Backgrounder

2005 Sep⁠t⁠ember – Backgrounder #46 – Proper⁠t⁠y R⁠i⁠gh⁠t⁠s A⁠t⁠ R⁠i⁠sk?

By: The James Madison Institute / 2005

Executive Summary

Until the United States Supreme Court announced its 5-4 decision in Kelo v. City of New London, many Americans probably had given little thought to the doctrine of eminent domain. In and around law schools, it was widely perceived as an essential component of courses in property law and, in some states, a lucrative specialty for attorneys.

To most of the general public, however, “eminent domain” was not a major concern. Sure, the government could use the condemnation process to acquire private property needed for public purposes such as roads, parks, or schools, but the owners whose property was acquired would be compensated – sometimes quite handsomely.

Moreover, an attentive purchaser using due diligence and common sense often could determine whether all or a portion of a particular property was vulnerable to condemnation by the government for a public use at some timein the future. For instance, if a house or store sat beside a traffic-choked stretch of two-lane road only six blocks from where the six-landing ended, that was a clue that the property’s owner eventually might lose a bit of his front lawn or parking area.

That kind of risk can be anticipated and evaluated. The Kelo decision, however, opened the door for local governments to expand their use of the doctrine of eminent domain in ways that create a great deal of uncertainty and, thus, anxiety among property owners.

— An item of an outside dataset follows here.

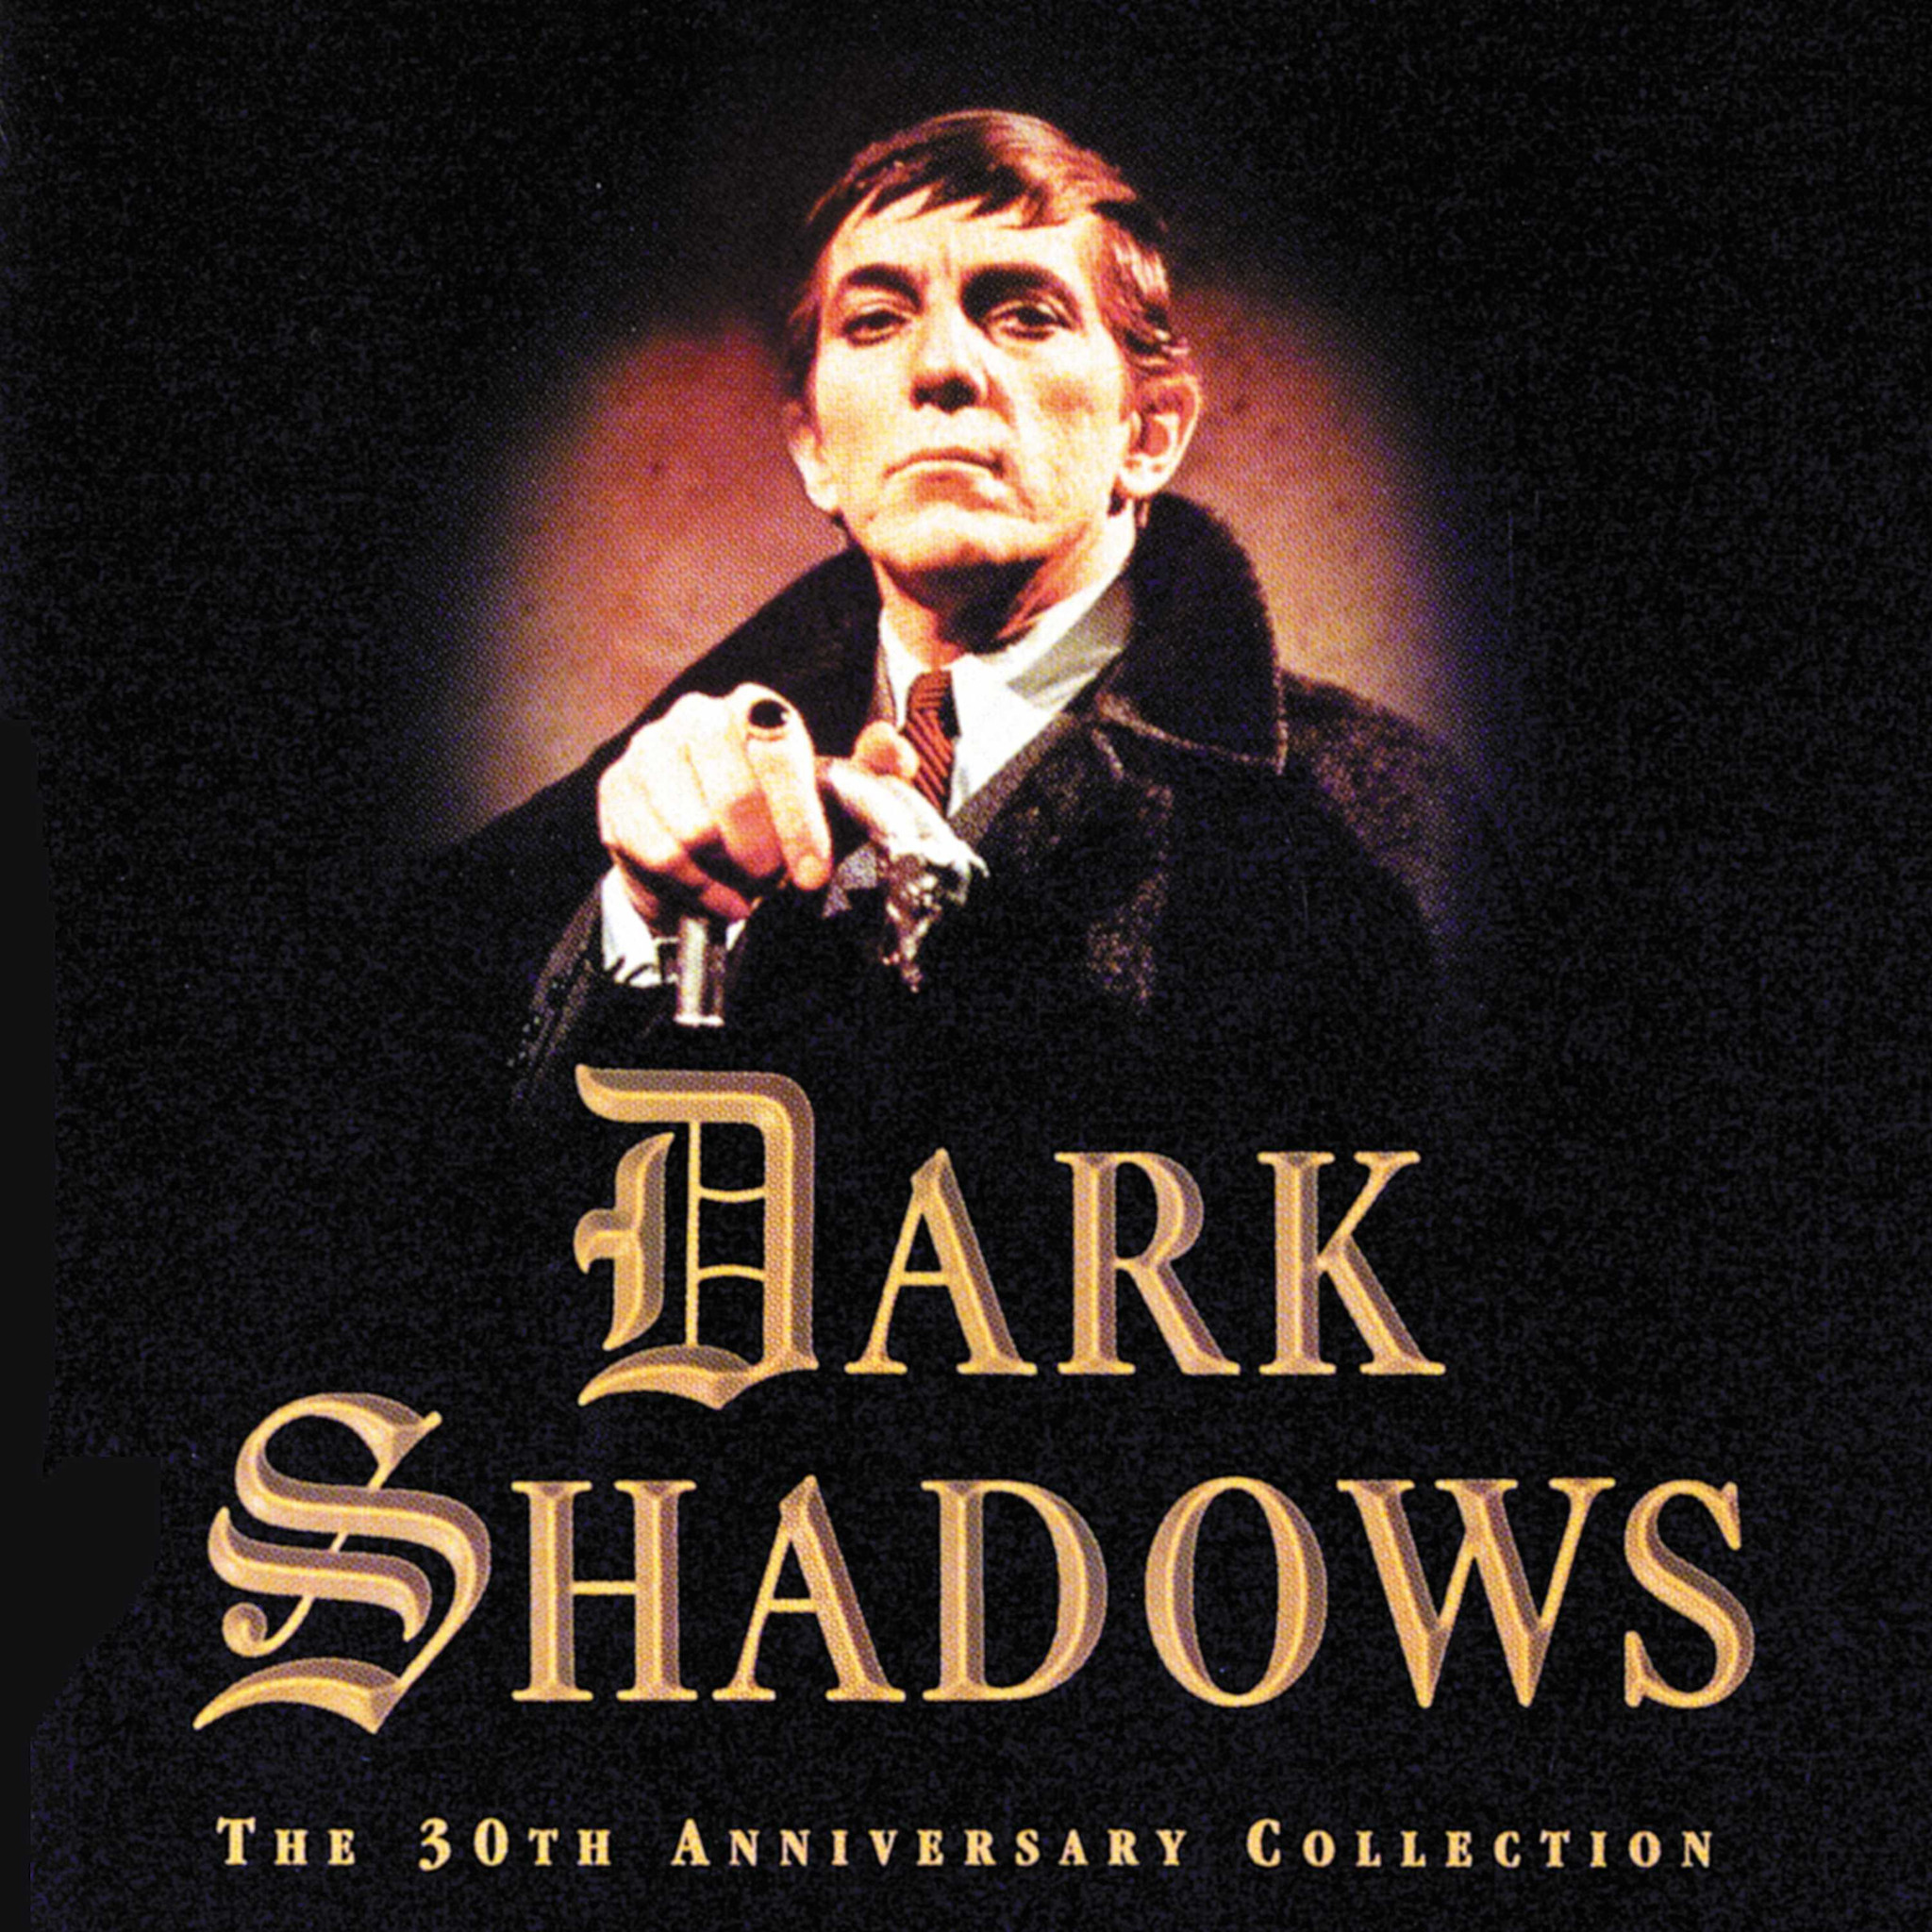 Dark Shadows 30th Anniversary Collection / TV OST - Dark Shadows 30th Anniversary Collection / TV OST - Musik - VARESE SARABANDE - 0030206570229 - May 21, 1996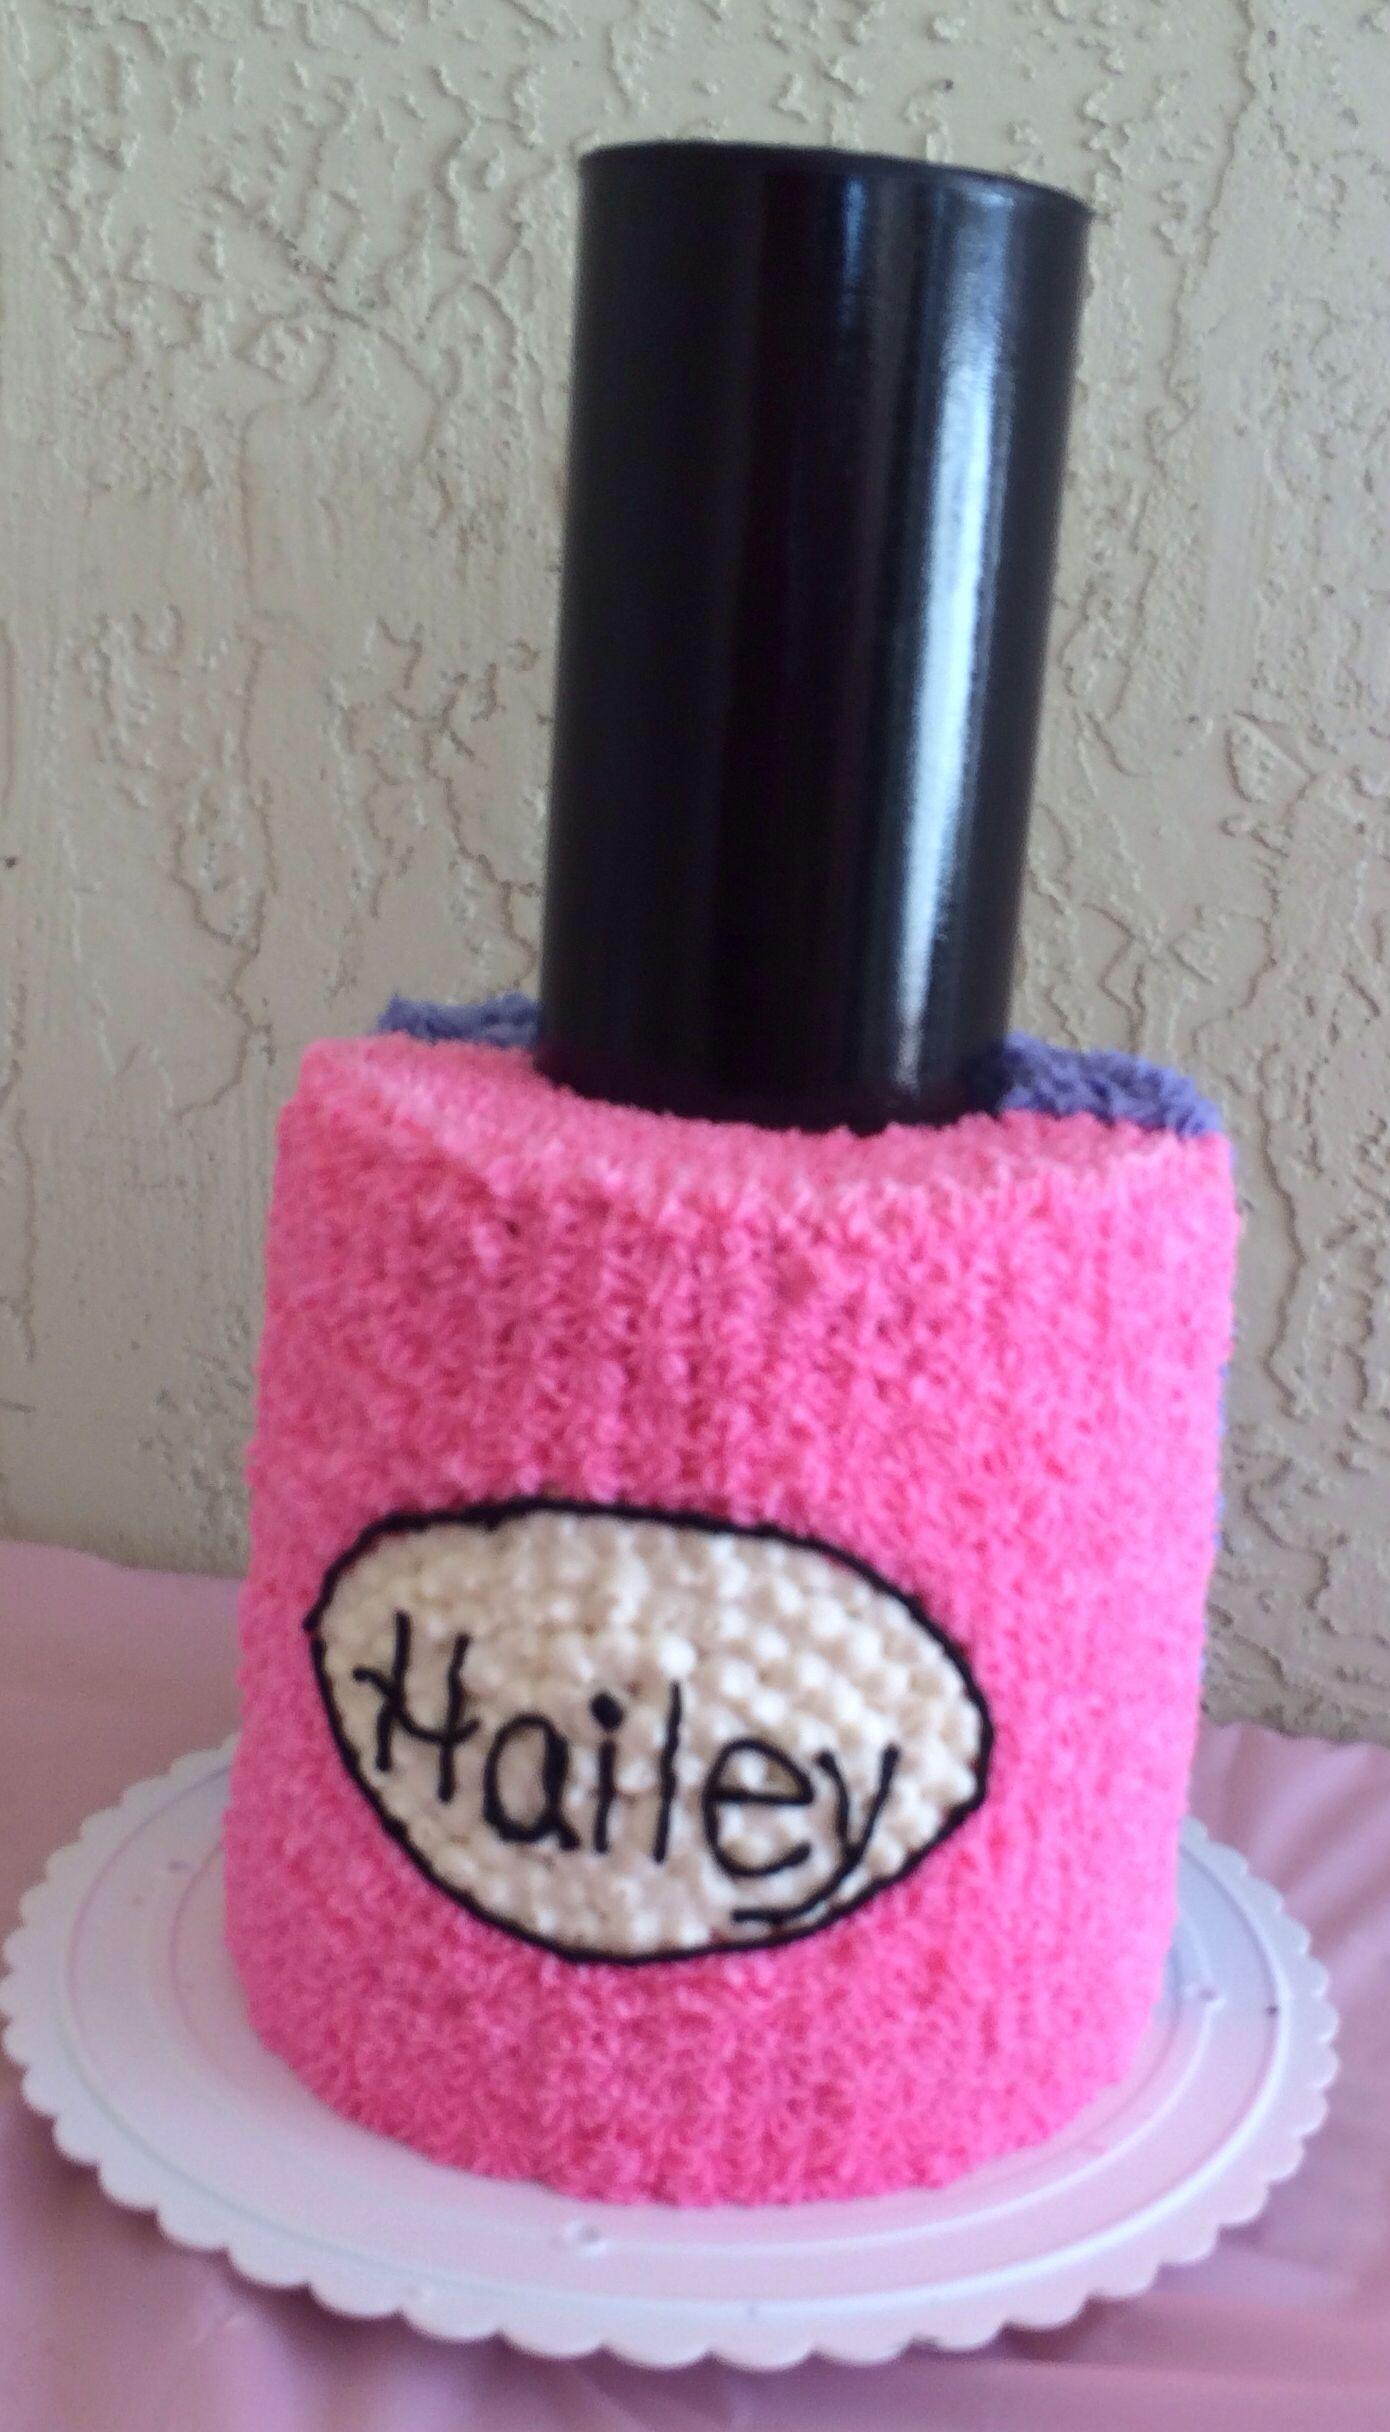 Nail Polish Bottle Childrens Cakes

The decision, which has been widely criticized by advocates of property rights, did have one redeeming feature, however: It as much as invited the states to respond by enacting their own ground rules for the use of eminent domain authority by the local governments within their jurisdiction. This policy paper is intended to offer helpful background information that policy makers in Floirda (and other states) might use to respond to the Kelo decision’s invitation to act.